The data:
★ ★ ★ ★ ★
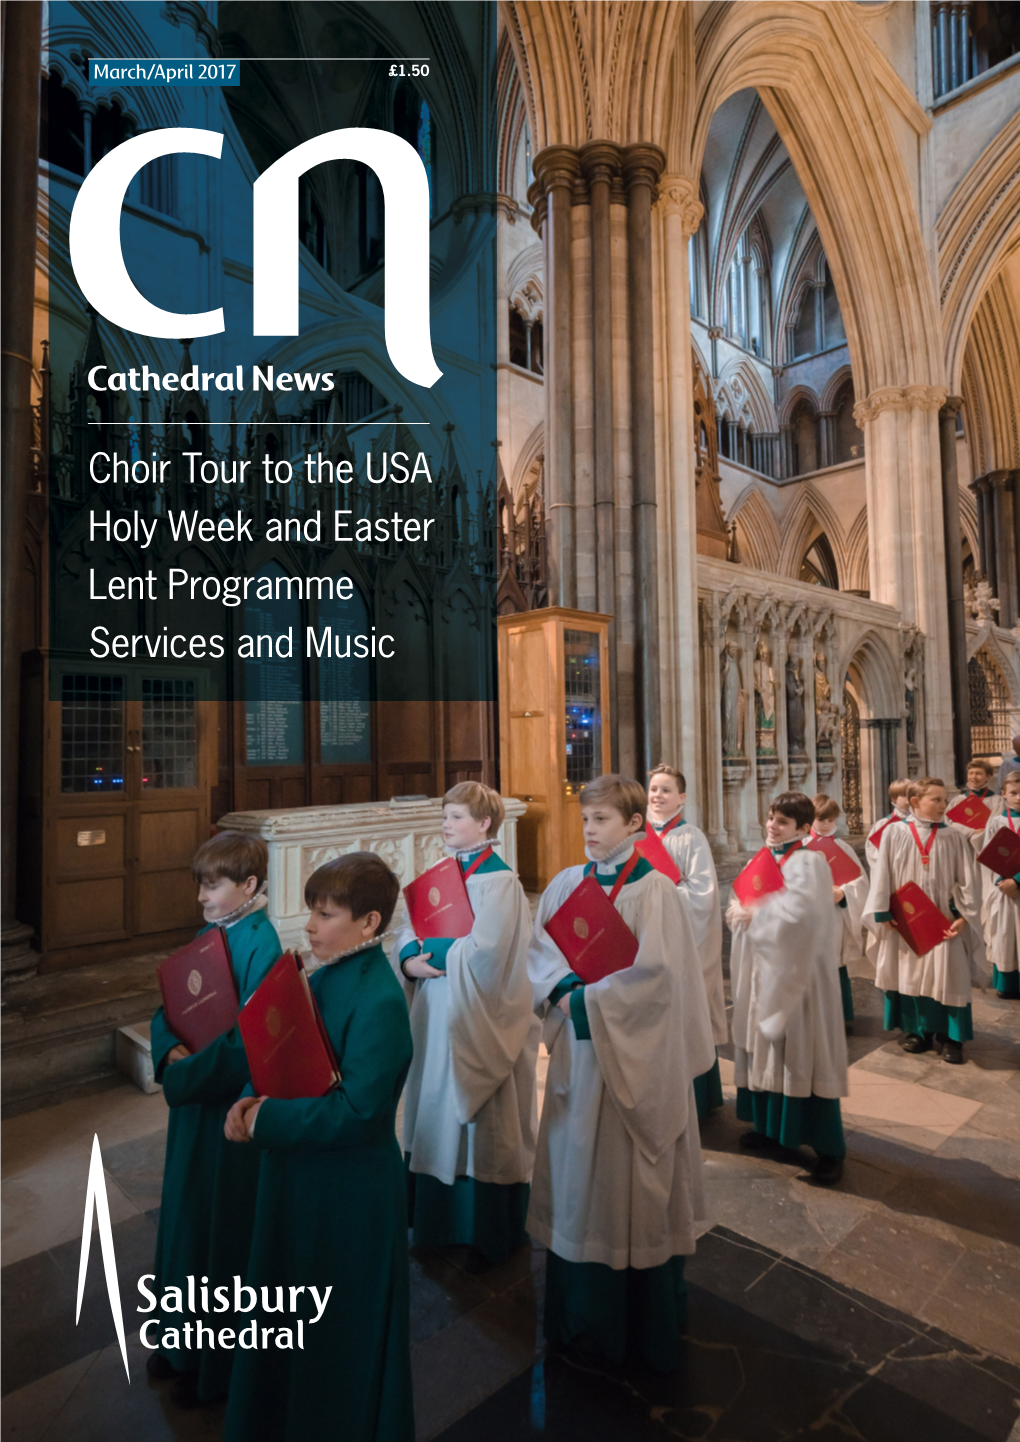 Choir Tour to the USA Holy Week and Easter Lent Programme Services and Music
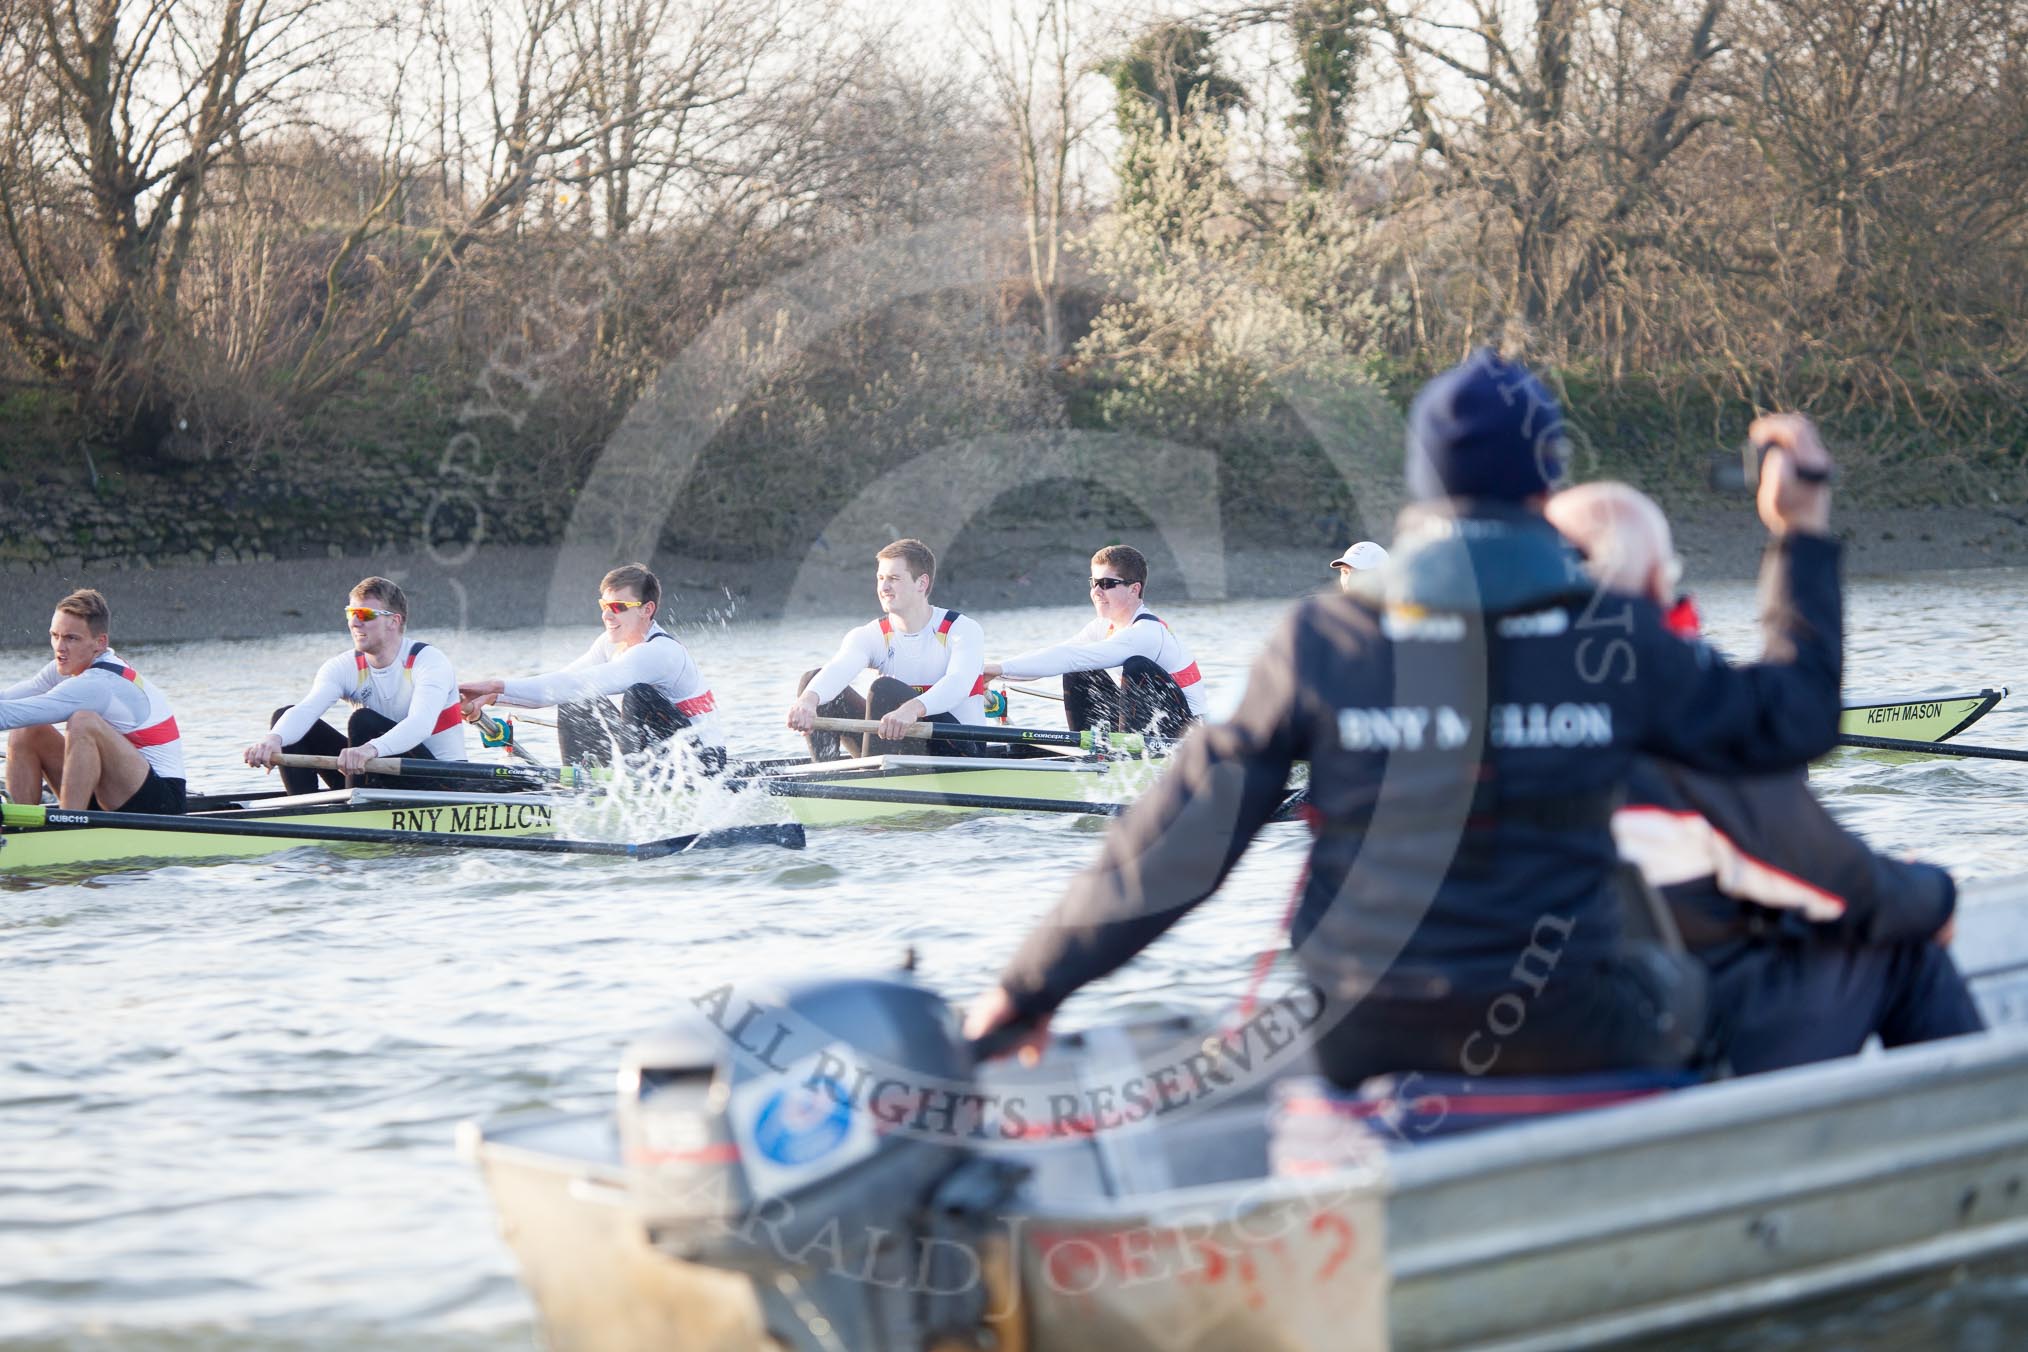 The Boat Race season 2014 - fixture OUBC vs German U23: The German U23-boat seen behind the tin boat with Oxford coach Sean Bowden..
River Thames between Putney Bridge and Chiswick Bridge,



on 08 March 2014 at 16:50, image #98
★ ★ ★ ★ ★
Your instructions:
All of the material goes into the answer exactly as it stands, except for the pictures.

Exercise output:
 Choir Tour to the USA Holy Week and Easter Lent Programme Services and Music
 The Boat Race season 2014 - fixture OUBC vs German U23: The German U23-boat seen behind the tin boat with Oxford coach Sean Bowden..
River Thames between Putney Bridge and Chiswick Bridge,



on 08 March 2014 at 16:50, image #98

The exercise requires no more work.